The data that follows is to be copied exactly, with each image removed.

== Source data

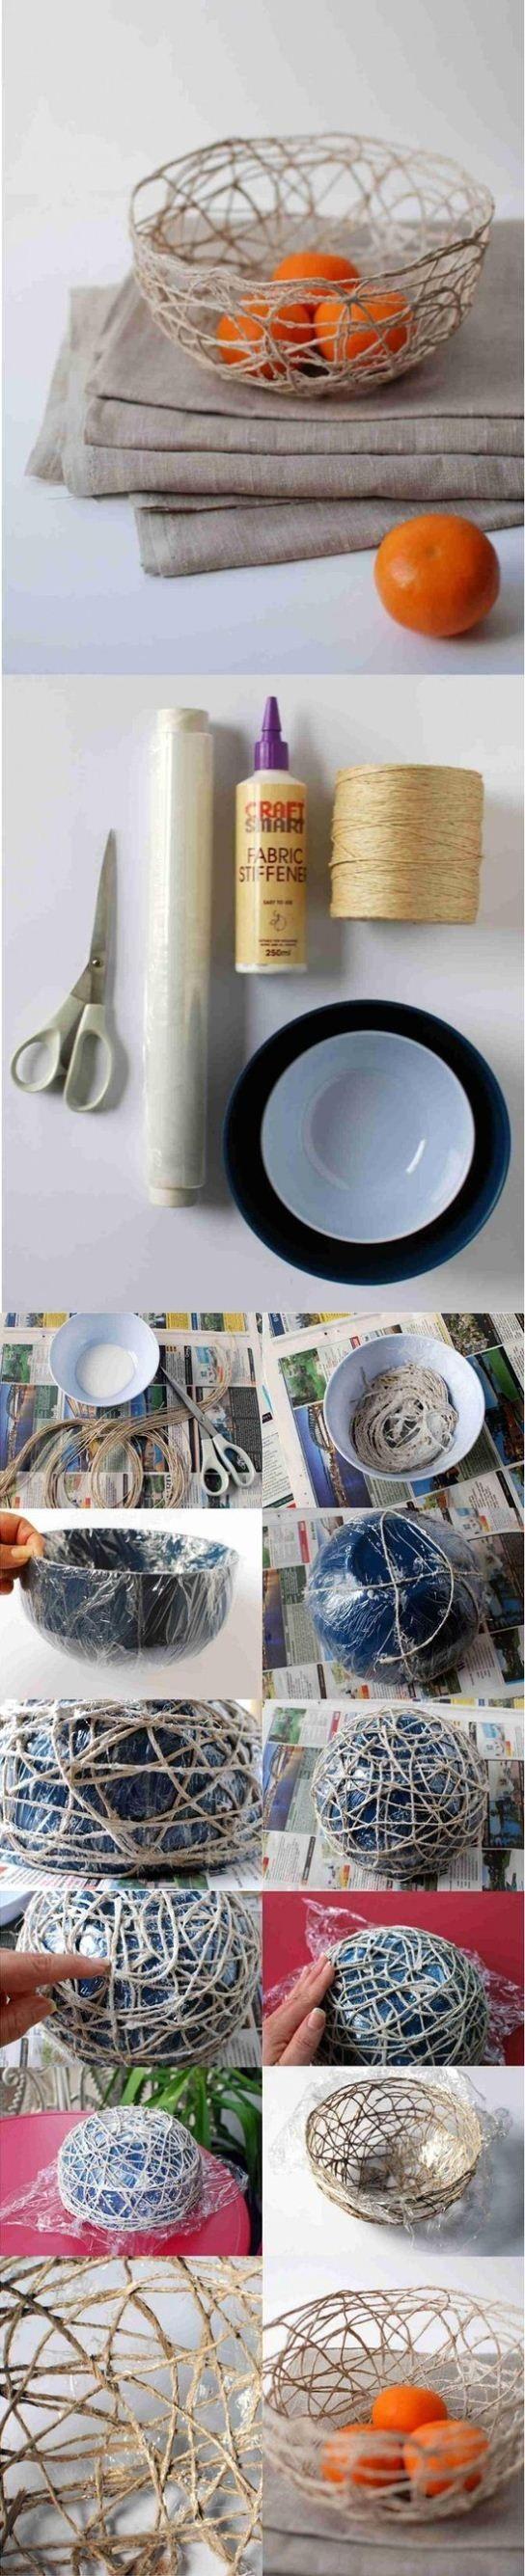 04d4b2beba9786c271243edbdc82afa6 18 Creative And Useful Popular DIY Ideas
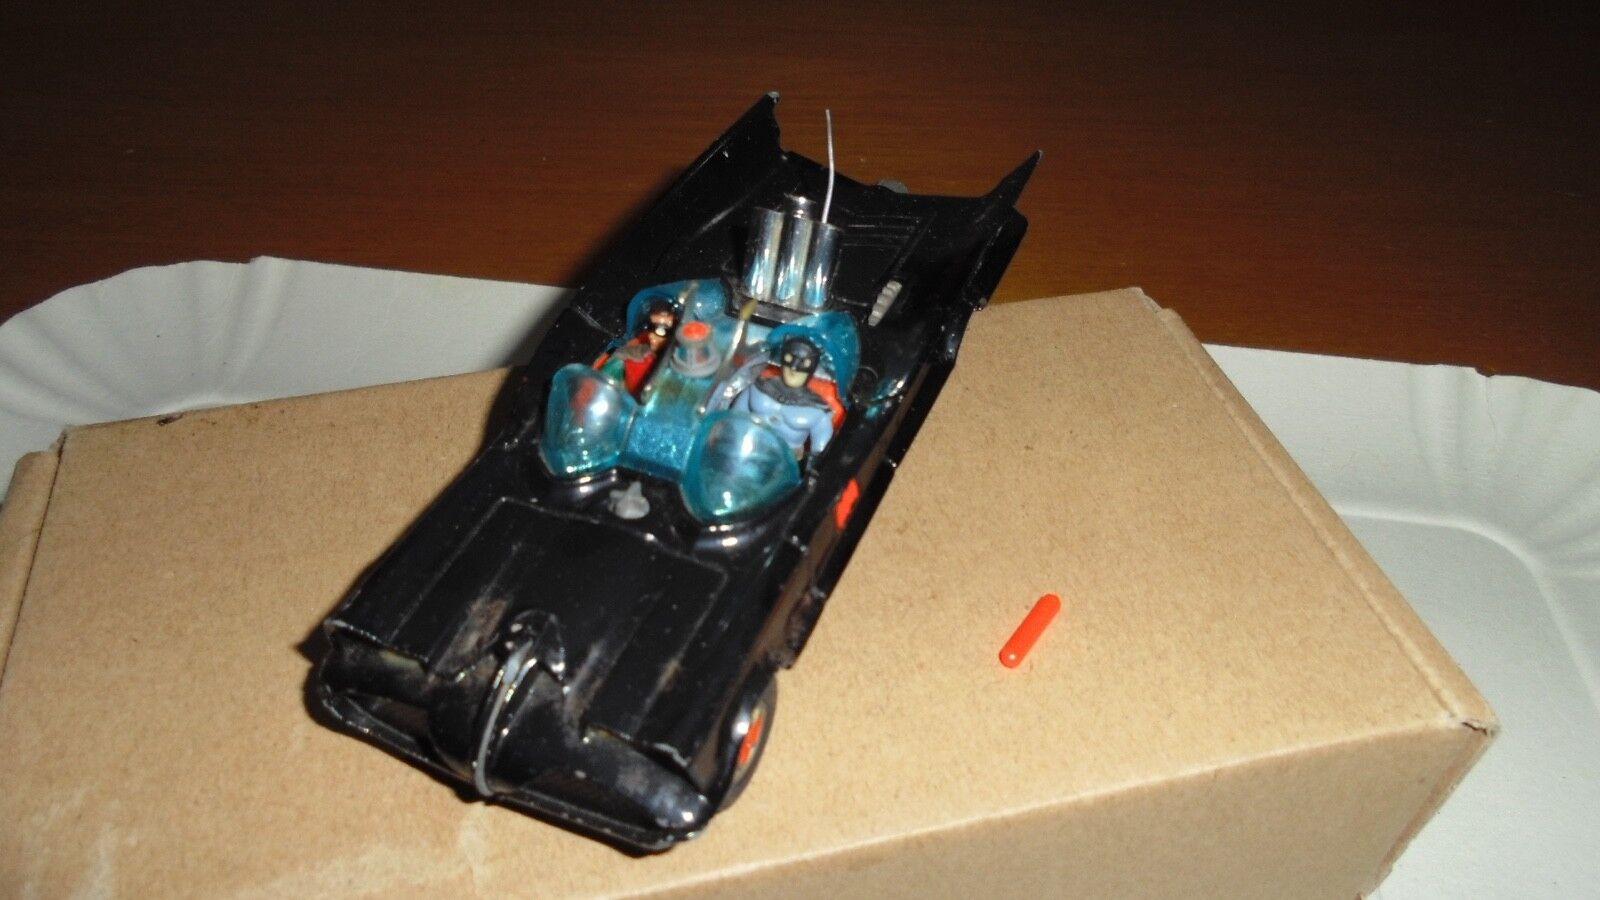 CORGI giocattoli vintage  BATuomo BATMOBILE   AUTO VINTAGE OLG giocattoli
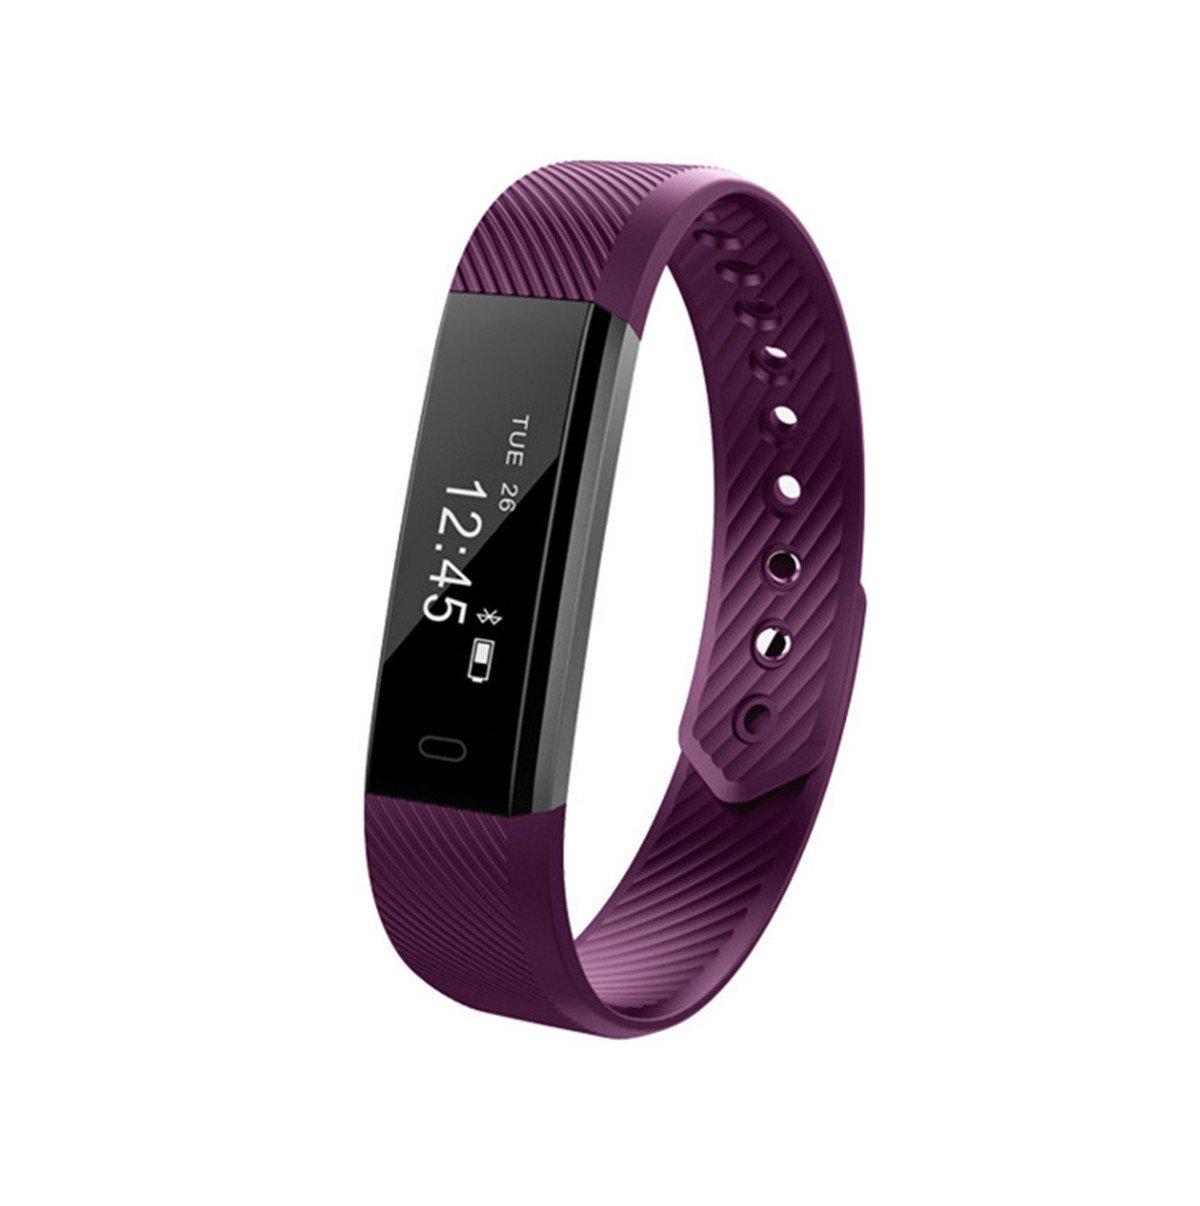 JLH Smart Bracelet Smart Watch Heart rate monitoring Motion detection fitness tracker Multi-functional high-techs (purple)

====

● Answer to this problem:
 04d4b2beba9786c271243edbdc82afa6 18 Creative And Useful Popular DIY Ideas
 CORGI giocattoli vintage  BATuomo BATMOBILE   AUTO VINTAGE OLG giocattoli
 JLH Smart Bracelet Smart Watch Heart rate monitoring Motion detection fitness tracker Multi-functional high-techs (purple)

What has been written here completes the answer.